Will and I trudge up the rest of the shore and climb into the Jeep, sandy feet and all. I take shotgun next to Penny, and Will scoots to the center seat in back so he can poke his head through. Penny wouldn’t mind if I sat in back with Will, and I know we’re lucky for that. She’s not the type of friend to tell us to get a room or to lay off the public displays of affection even though there’ve been girls at school who’ve made sidebar remarks to me about how it must be annoying for Will and me to have to cart around a “third wheel” all the time, comments that I’m sure Penny’s heard before too. And that’s exactly why none of them are my best friends.

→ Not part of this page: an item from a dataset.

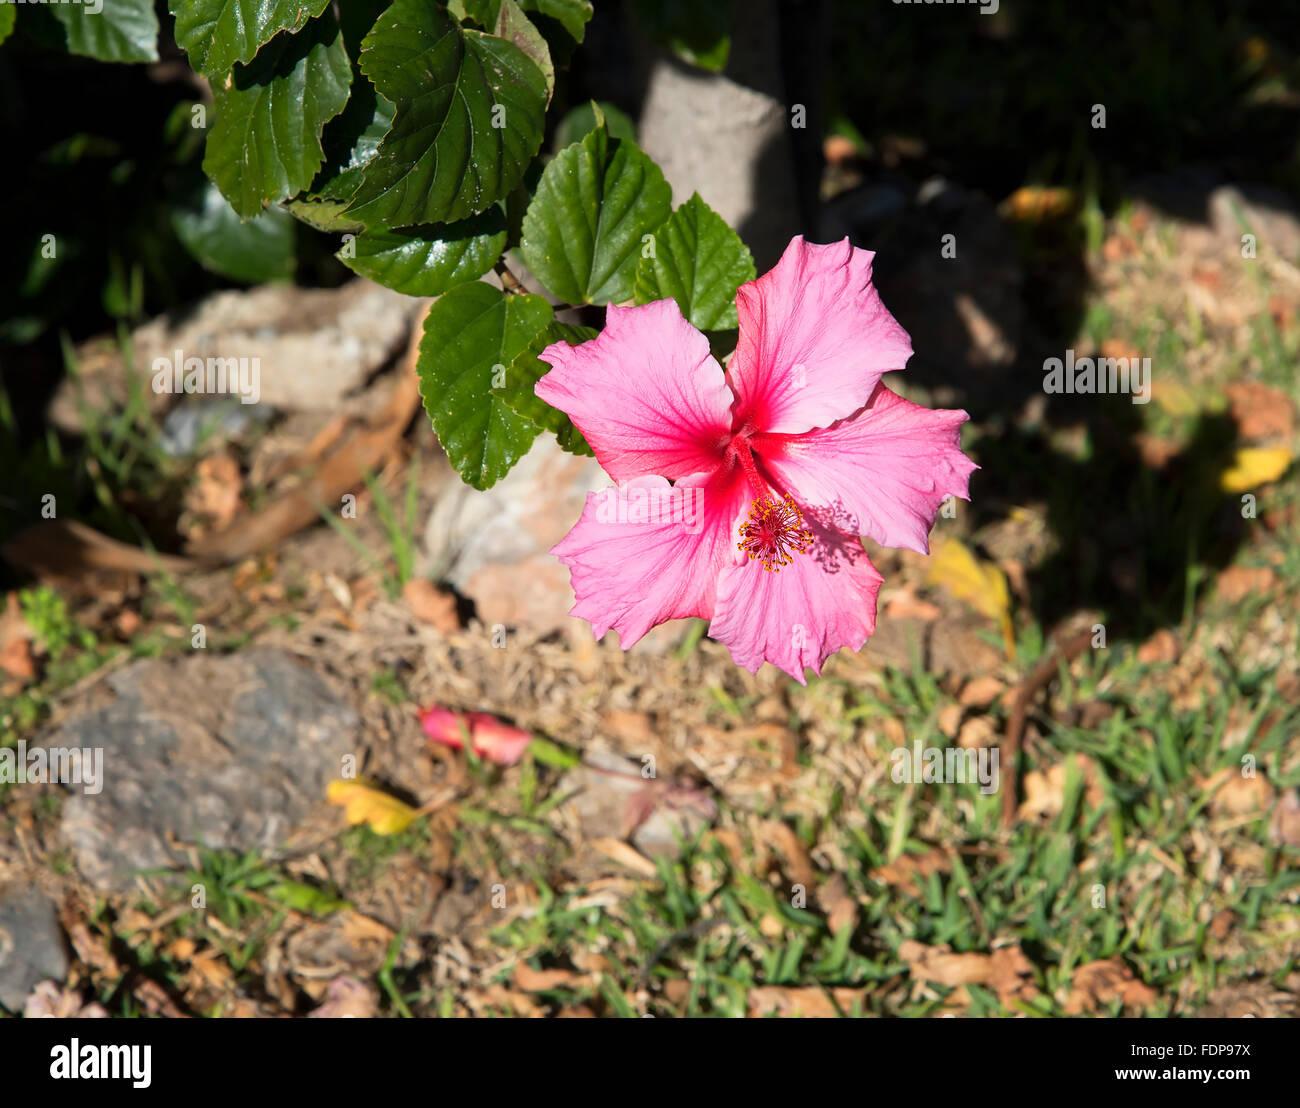 Hibiscus Flower Andalucia Stock Photos Hibiscus Flower Andalucia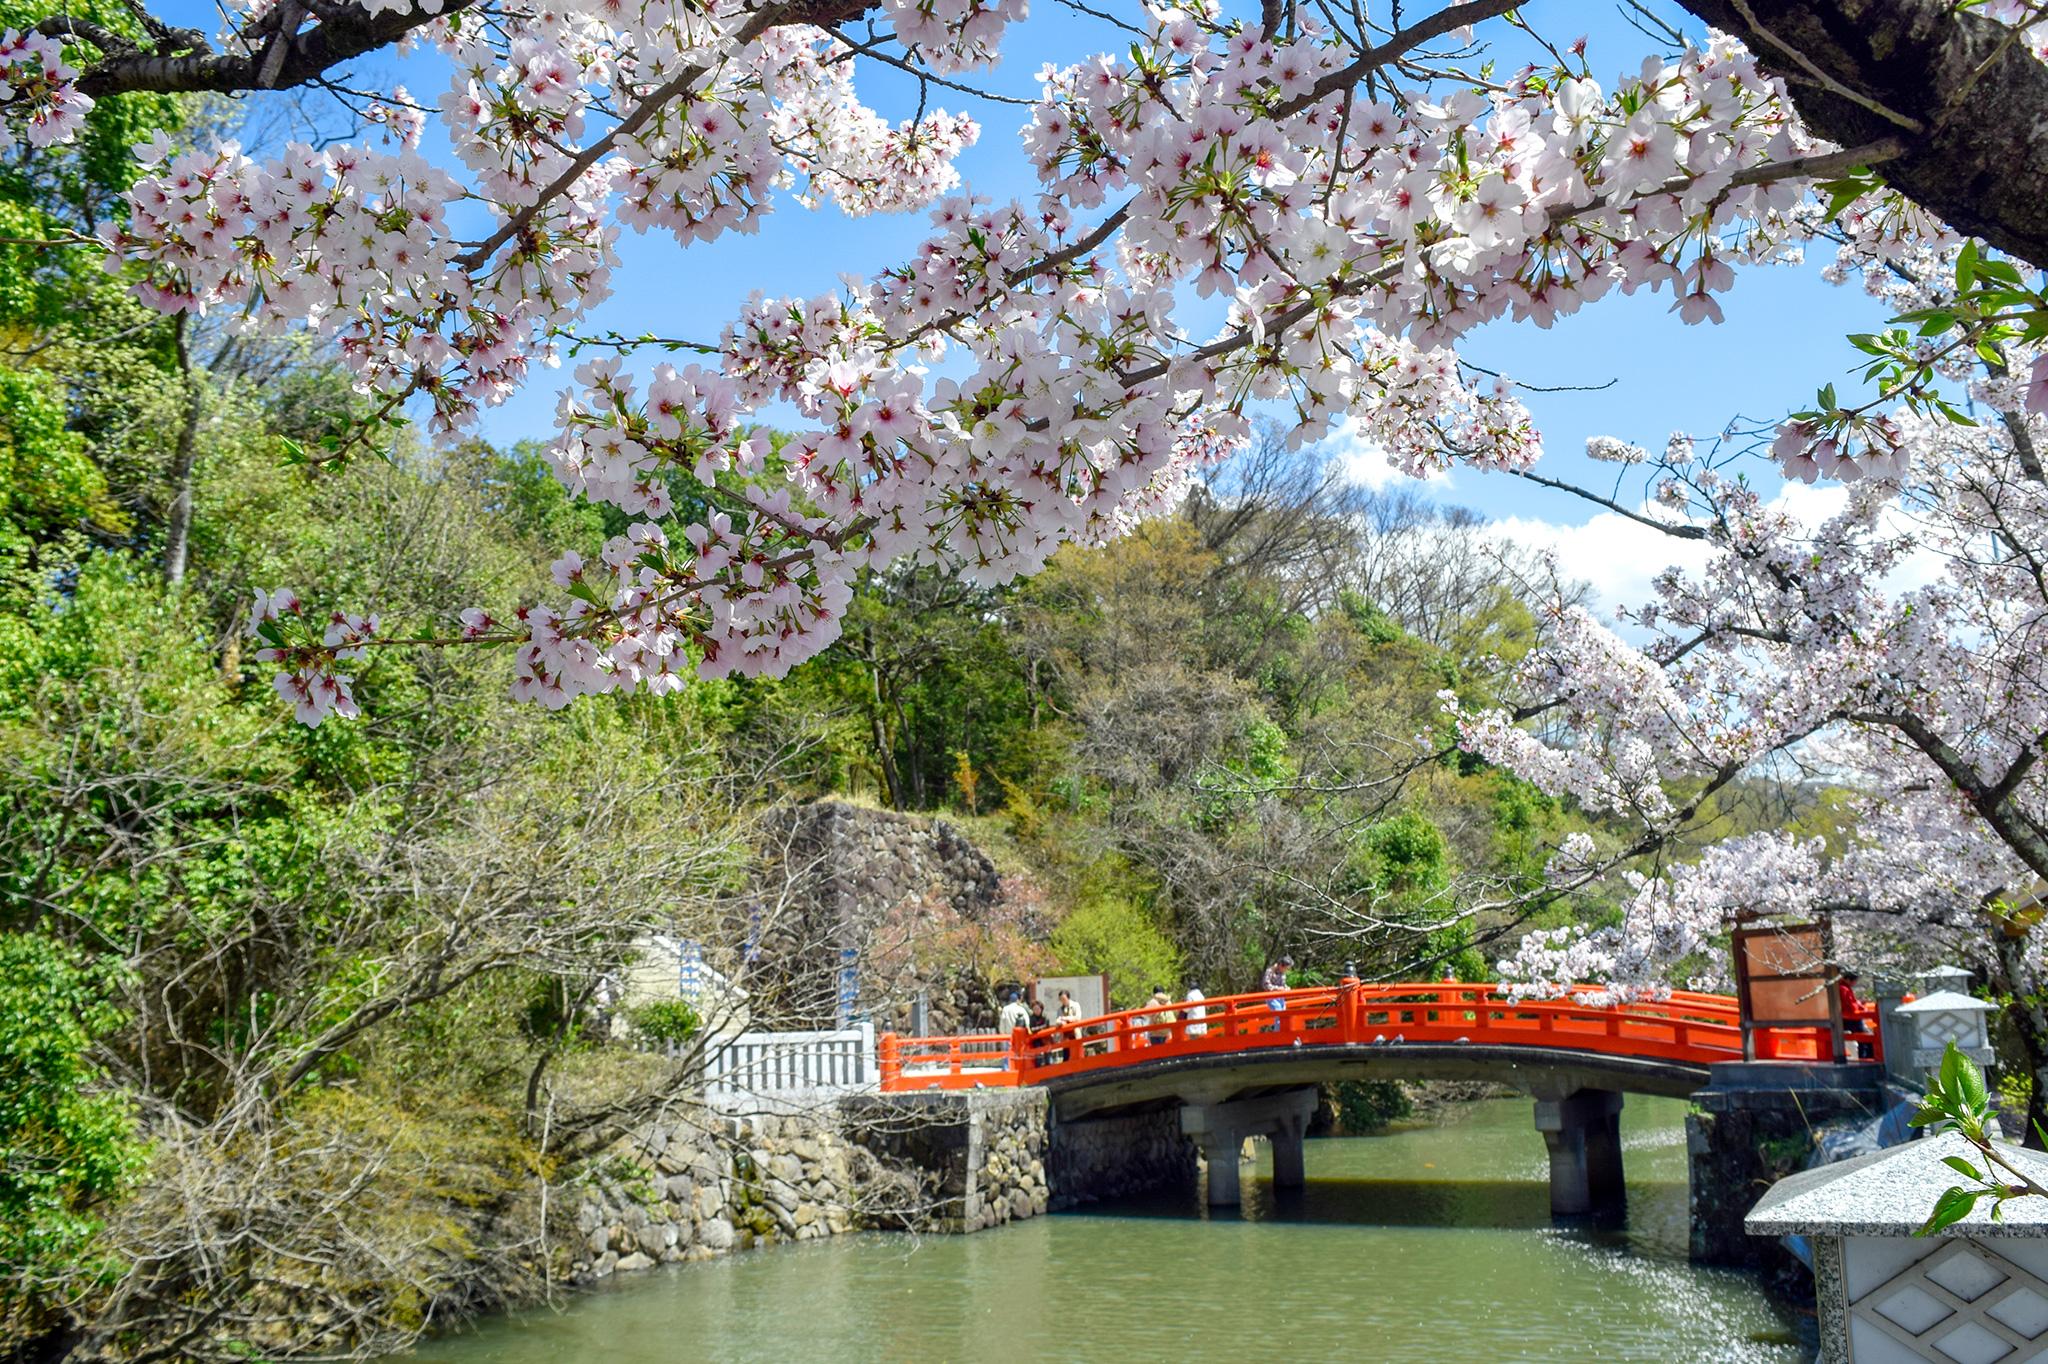 武田神社 武田通りの桜 写真2

Penny has never once made me choose between time with her and time with him. Not that I could possibly. The three of us are like our own little self-sustaining island. We once spent an afternoon negotiating a fake custody arrangement for Penny in case Will and I ever broke up, and I only won primary custody by a hair. The whole exercise made us laugh until Penny peed a little in her shorts and had to run to the bathroom. I mean, Will and I are an institution.

“I can’t believe you chickened out.” I gently shove Penny’s shoulder from my spot in the passenger seat. This is nicer, I decide, than saying I can totally believe you chickened out, you big chicken, since Penny’s skittish about spiders, global warming, the potential of contracting a deadly virus, and basically anything else I can think of, which is funny since what she doesn’t find frightening is sporting fashions that have never been in style, well, ever, or making impassioned pleas to save the whales to a roomful of her peers while they are playing Minecraft on their phones. I prefer to let my actions do the talking—it’s way simpler.

Penny flicks her gaze to the rearview mirror and slides her unpainted nails down the base of the steering wheel. “I’m like a fine bottle of wine, Lake, I’ll be ready in my own time.”

I reach over and begin to flip through the radio stations.

“What do you think’s going to happen exactly?” I ask. “I mean, you watch us jump. Do you think you’re just going to spontaneously combust in midair?”

From the backseat, Will puts his toes up on the console between me and Penny. Penny wrinkles her nose and pushes them back onto the floorboard, then sighs, putting the Jeep into drive and pulling out of the small beach-access road onto a rarely trafficked two-lane highway. “I don’t know. I’m scared I’m going to spaz out or not jump far enough, and then I’ll just plummet straight down the side of the cliff and, yeah, die. That’s the scenario. I’m going to die a gruesome, bloody death. That’s what I see every time I step up to the edge,” she says, sliding a pair of cat-eye sunglasses over her nose. “Now is that really so far-fetched?”

“Yes,” Will and I both answer in unison.